(Kazmir Malevich, Black Square and Red Square 1915/Cindy Sherman, Untitled #183, 1988)
So on the commute home from Syracuse I caught Judith Shulevitz, the science editor at the New Republic, talking about her latest article on what may be the bad genetic effects passed on to the children born to older parents and by possible side-effects of advanced fertility techniques and environmental toxins. For all the details, go to Shulevitz’s article . Mostly, the complications experienced by what percentage of children born to older children involve mild to more severe forms of cognitive and motor disorders. Is the problem as severe as indicated. Will the medical, social, and psychological consequences of late parenting upend American society as claimed in the article’s title? I’ll leave the more technical questions to the science writers who know more about this stuff.
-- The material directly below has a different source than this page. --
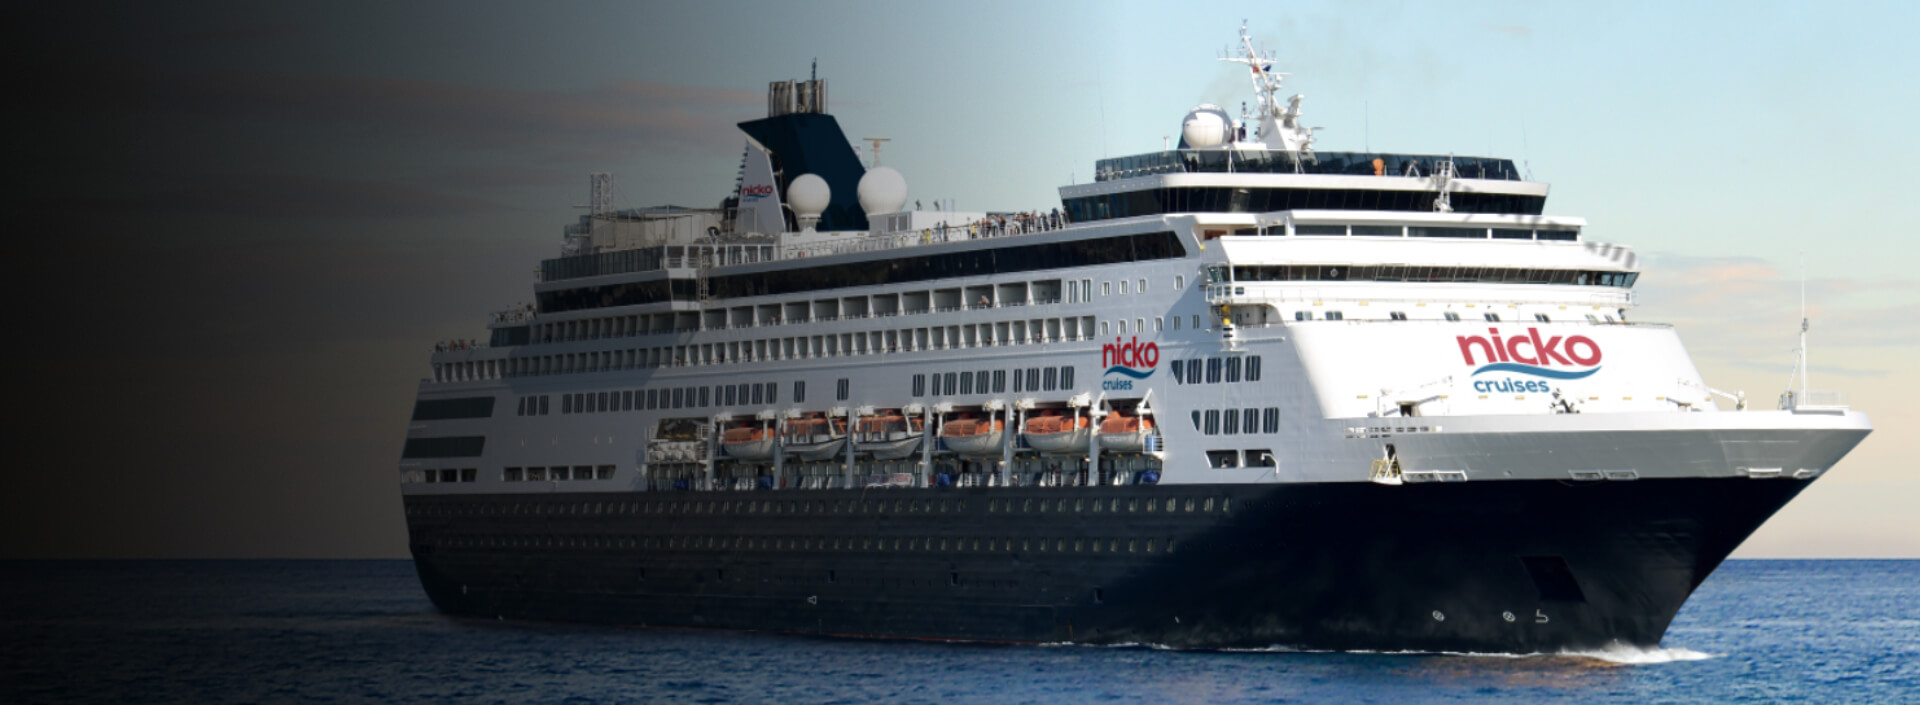 Mystic Cruises invests in <span class='text-highlight'>multimedia kiosks</span> for Vasco da Gama ship

What struck my interest about the article and the appearance at Fresh Air was the enormous confluence of factors involved. Science (are there and what are the genetic effects of later parenting? how awful are these fertility treatments that older women, in particular, suffer in order to conceive? What are the environmental pressures on the ageing bodies of older fathers?). Economics (Consider the pressures at work that pressure women to decide to start planning families later down a career path). Politics (we live in a country that does relatively nothing to support young families) . Gender (we are asked to consider enormous pressures suffered disproportionately by women that turn out to be medical, economic, political, and also social and psychological)
At some point, the entire story began to sound like a scene out of the book of Genesis, not any one particular scene, but the kind of structural ur-scene that Cindy Sherman might conceive in one of her photographic, faux cinematic, faux art historical mockups. All the ingredients are there –ageing mothers and older husbands, sagging bodies, intense anxieties about fertility, shame, guilt, and always the bitter promise of mutual recrimination between partners. The only one missing from the biblical scene is a God or a science whose miraculous intervention we are now beginning to suspect comes too late in life.
Shulevitz is also the author of The Sabbath World, a book that takes its departure from Abraham Joshua Heschel’s 1952 classic, The Sabbath. Terry Gross interviewed Shulevitz when the book came out, and knew well enough to know, being Terry Gross, to ask about what connects her book on religion with this new journalistic piece on science and fertility. It was at this point that I began losing my radio signal, so I actually missed the last few minutes of the interview. What I got was the sense that no, contra one way of reading Heschel, science and Sabbath are not at odds. But they form different human modalities that one needs to learn how to synch and move between, and that it’s important to step into community as a counterpoint to the kinds of pressures occasioned by the world of science and work. I can’t speak for the more faith-based forms of Protestantism, but in my view, what makes Judaism, and perhaps Catholicism and Islam not so difficult to synch with science is that these kinds of religion share with science a systems-based, rule-based character.
I’m reading Technics & Civilization now, so everything is Lewis Mumford who seemed to have understood back in 1930 that the assimilation of the machine is deeply aesthetic. I think religion, the right kind of religion, has a place to play in that dynamic.